One can add information on atoms to be restrained in the input file, by creating a special file that is read by make_tiinp_rel.py

This file should be called buffer and contains Amber belly information. This means that all files starts with ATOM will be assumed to contain two numbers specifying the first and last atom to be restrained, as well as RES that will be assumed to be corresponding residue specifications. E.g.
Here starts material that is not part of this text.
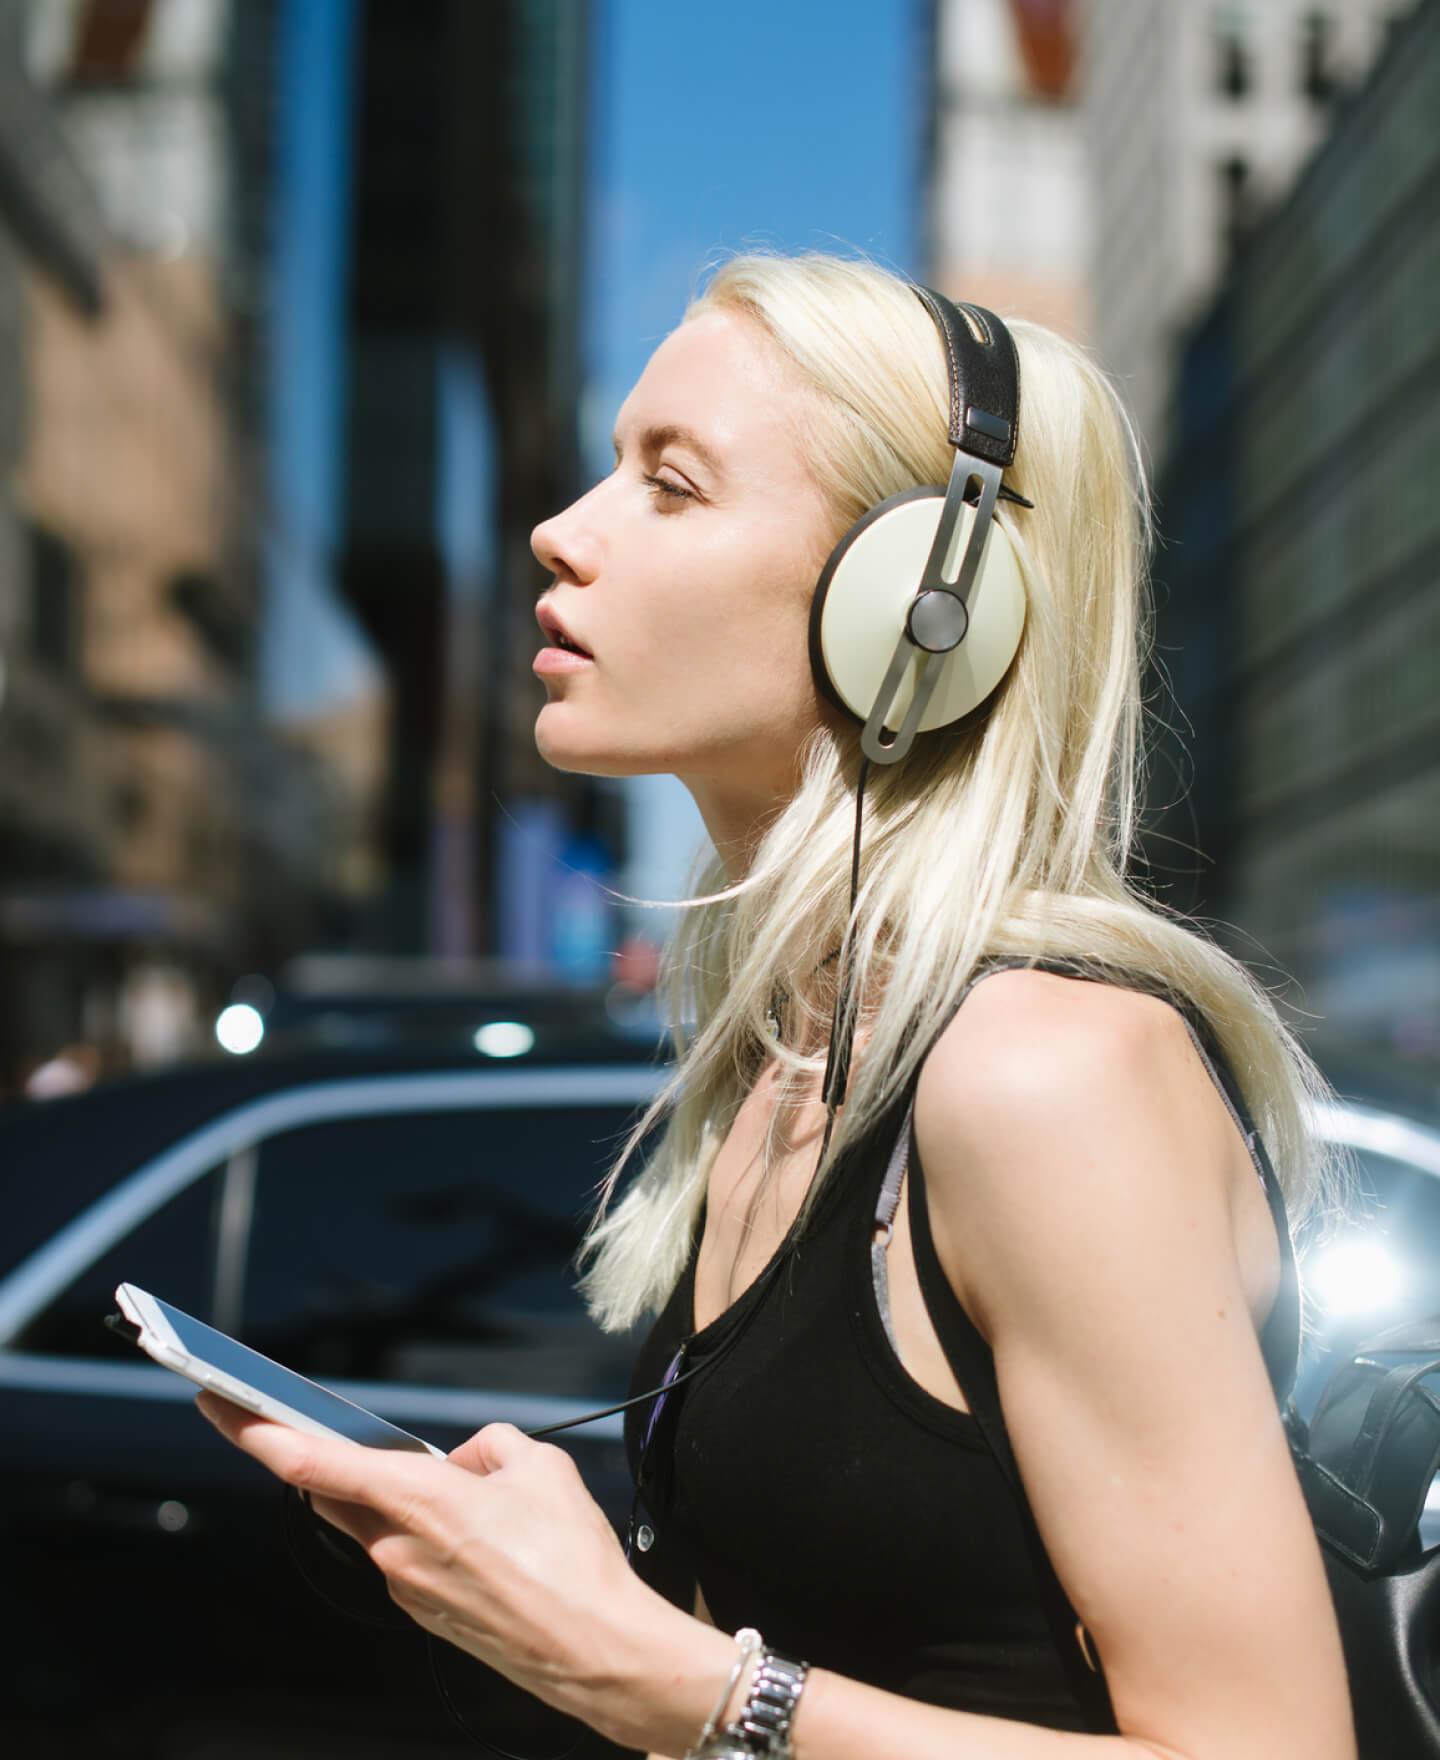 Girl with phone in hand and headphone on head

cat << EOF > bufffer ATOM 1 48 ATOM 147 200 EOF

cat << EOF > buffer RES 1 2 RES 15 18 EOF

Information will be put in the input files for the two last complex simulations (unrestrained equilibration and production). Only heavy atoms will be restrained.

Energy decomposition

One can add informations that will make Amber write out energy decomposition information on a residue-wise level, by creating a special file that is read by make_tiinp_rel.py

This file should be called decomp and should have two lines. The first line should contain two columns, specifying the last residue to be decomposed on in the complex and free-ligand simulation, respectively. The second line should contain the same information. The difference between line 1 and line 2, is that the first line is used for V0 and the second line is used for V1. Use 0 to prevent decomposition. E.g.

cat << EOF > decomp 6567 0 6567 0 EOF

Cluster library

The script that generates the input scripts (make_tiinp_rel.py) also create queue-scripts. It uses a file called cluster_amblib to know cluster-specific commands. One can edit this file manually, to support additional clusters. An example is shown below for the Alarik cluster at Lunarc.
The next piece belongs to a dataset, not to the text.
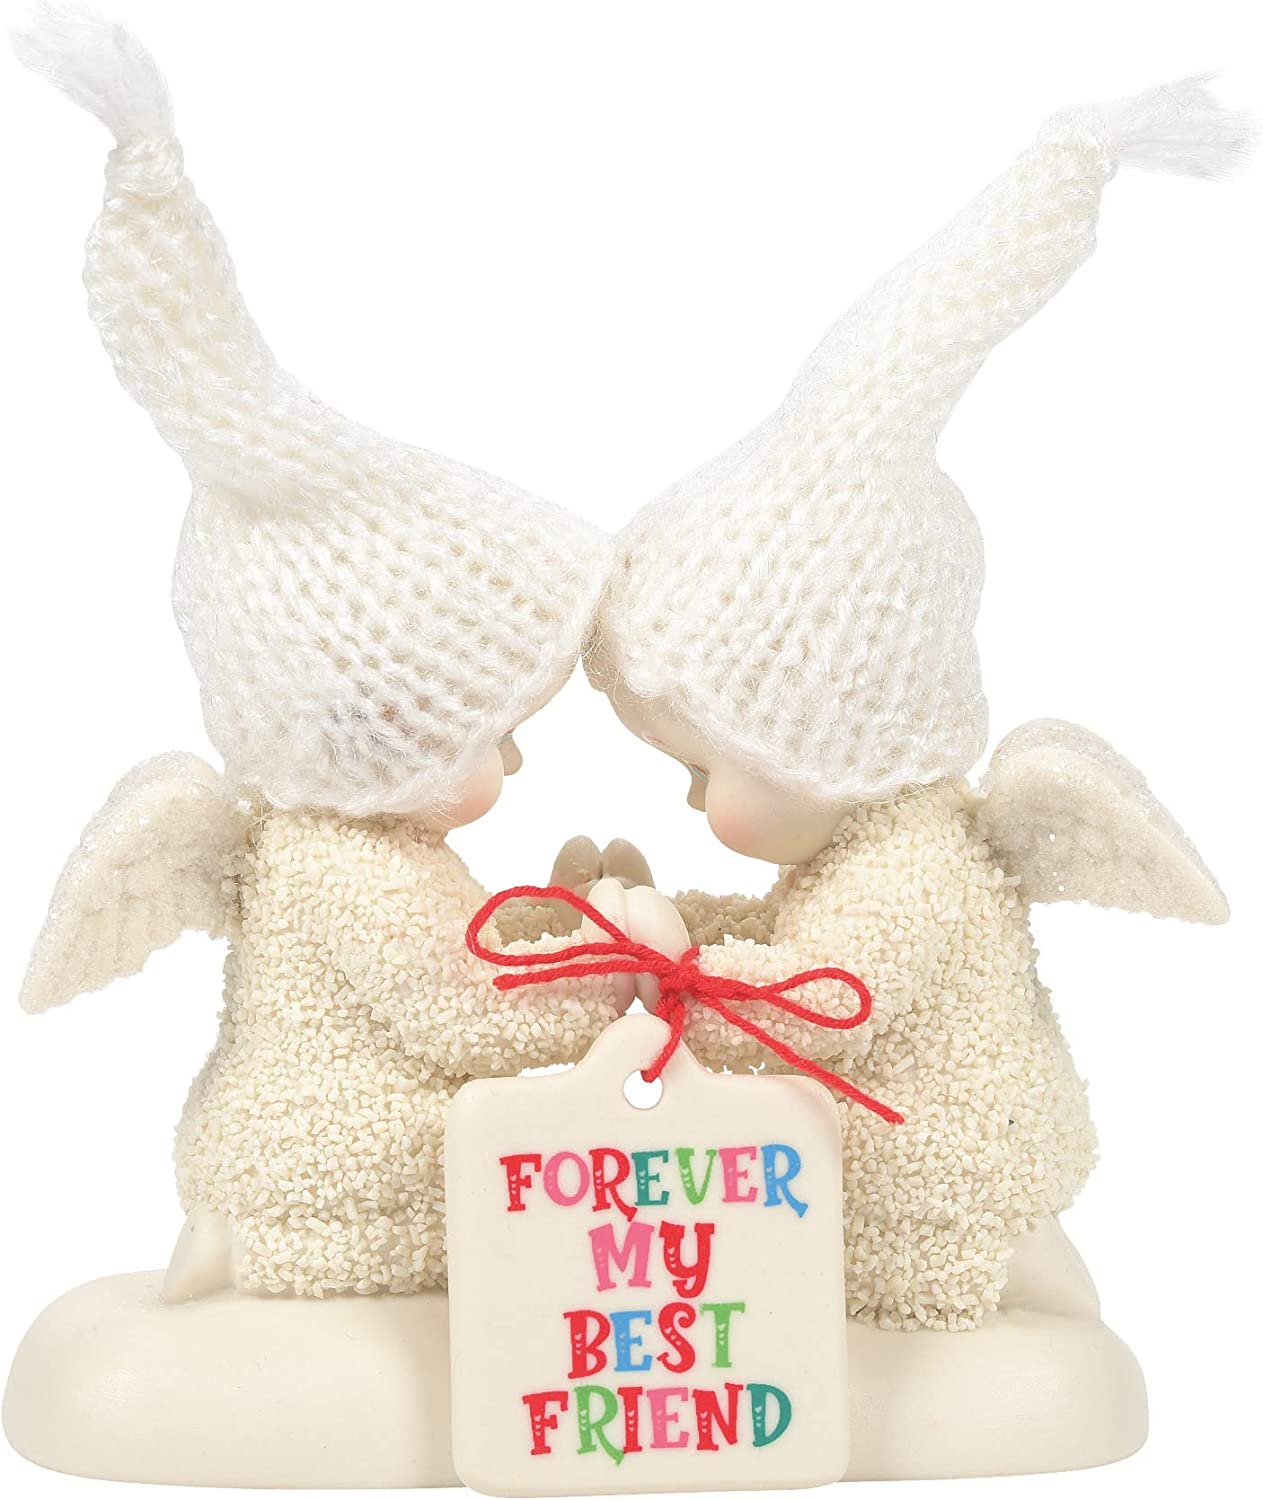 Department 56 Snowbabies Awesome Forever Best Friends Figurine

!/bin/bash #SBATCH -N 1 #SBATCH -n 8 #SBATCH -t WWW:00:00 module add gcc/4.6.2 module add openmpi/1.4.5/gcc/4.6.2 export AMBERHOME=/lunarc/nobackup/projects/bio/Amber/Amber11/ export PATH=$AMBERHOME/exe:$PATH sbatch mpirun -np NN sander.MPI 8 %end

The first line should start with a percentage sign (%) followed by the name of the cluster.

The cluster specification should end with the line %end.
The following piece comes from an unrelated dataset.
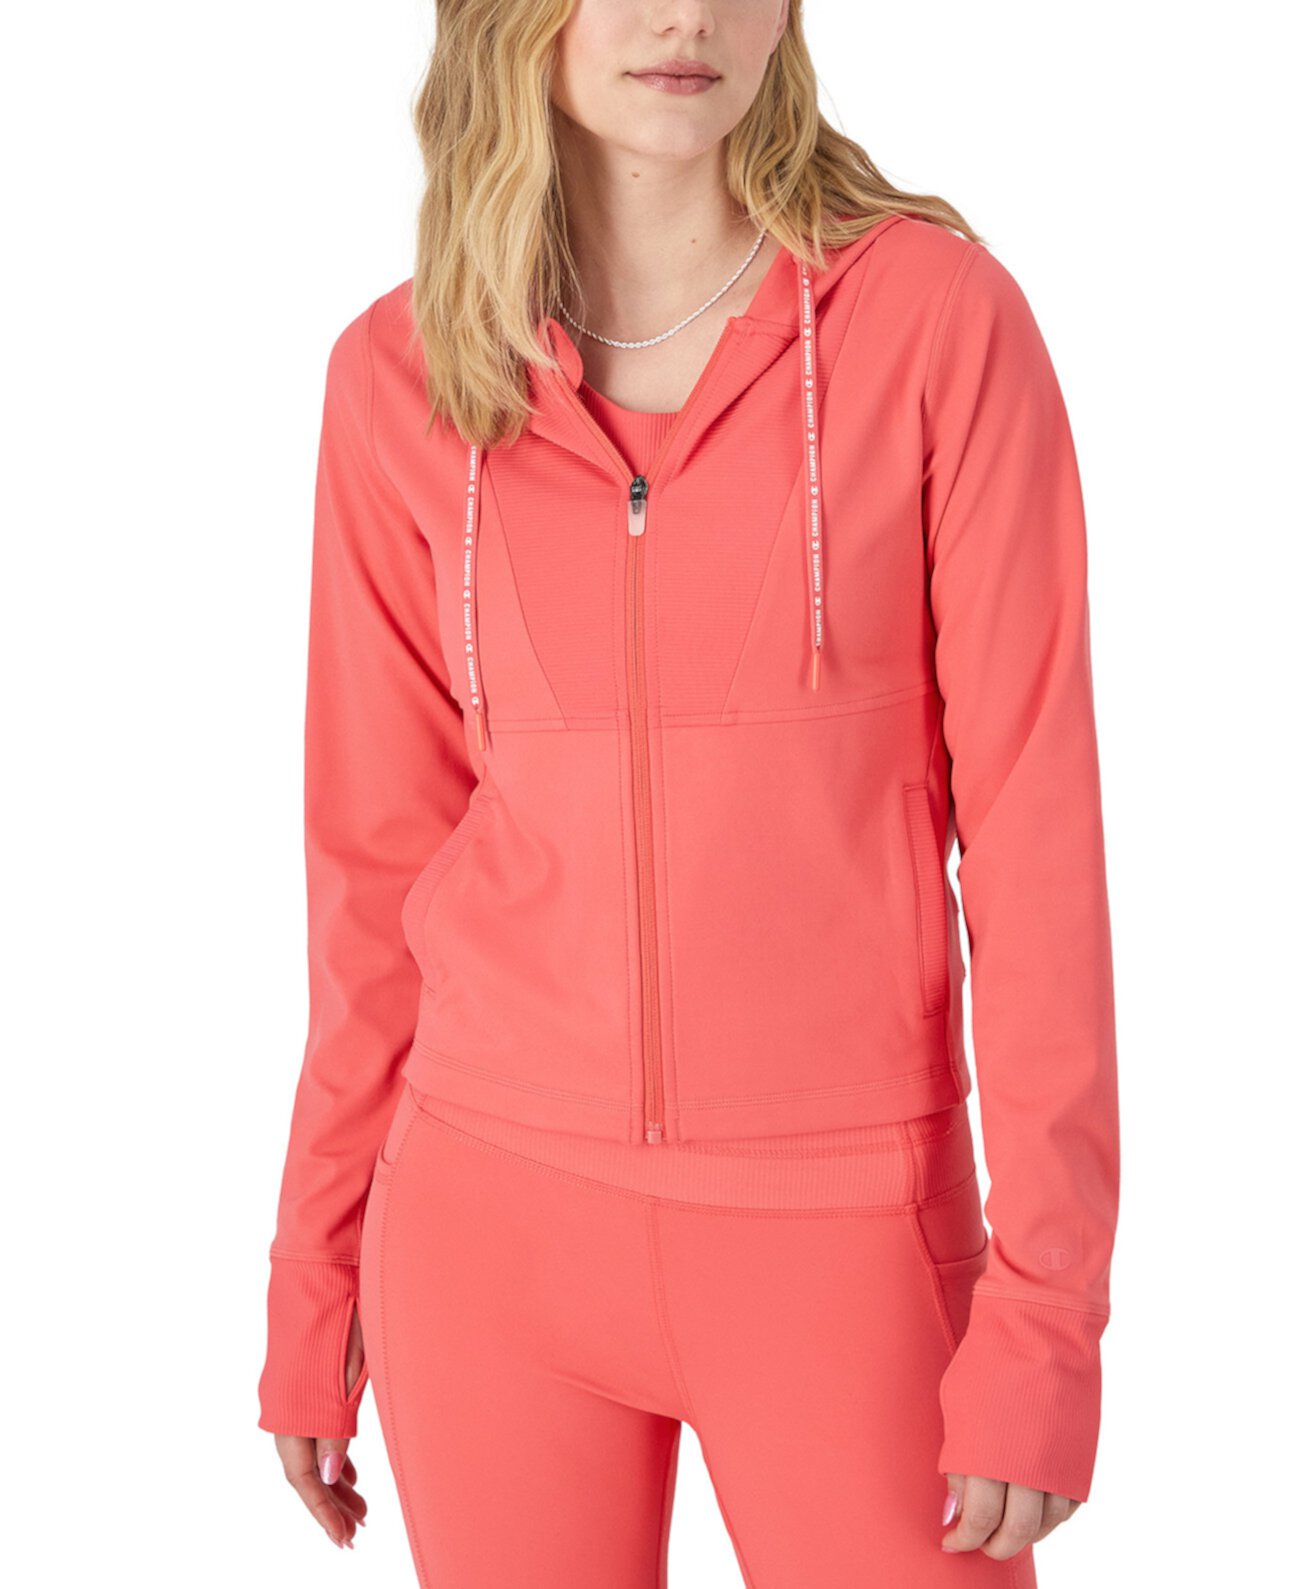 Women's Soft Touch Zip-Front Hooded Jacket Champion

The last three lines of the specifications are special. First the command used on the cluster to add jobs to the queue are specified (e.g. sbatch, second the command used to execute the parallel version of sander, and third the number of processors to use.

All other lines in the specification are appended to the start of the queue script and should contains queue-specific lines (e.g. starting with #SBATCH), modules that need to be loaded and paths that need to be set. The AMBERHOME path must be set. The WWW mask is special and will be replaced by an estimated walltime (in hours).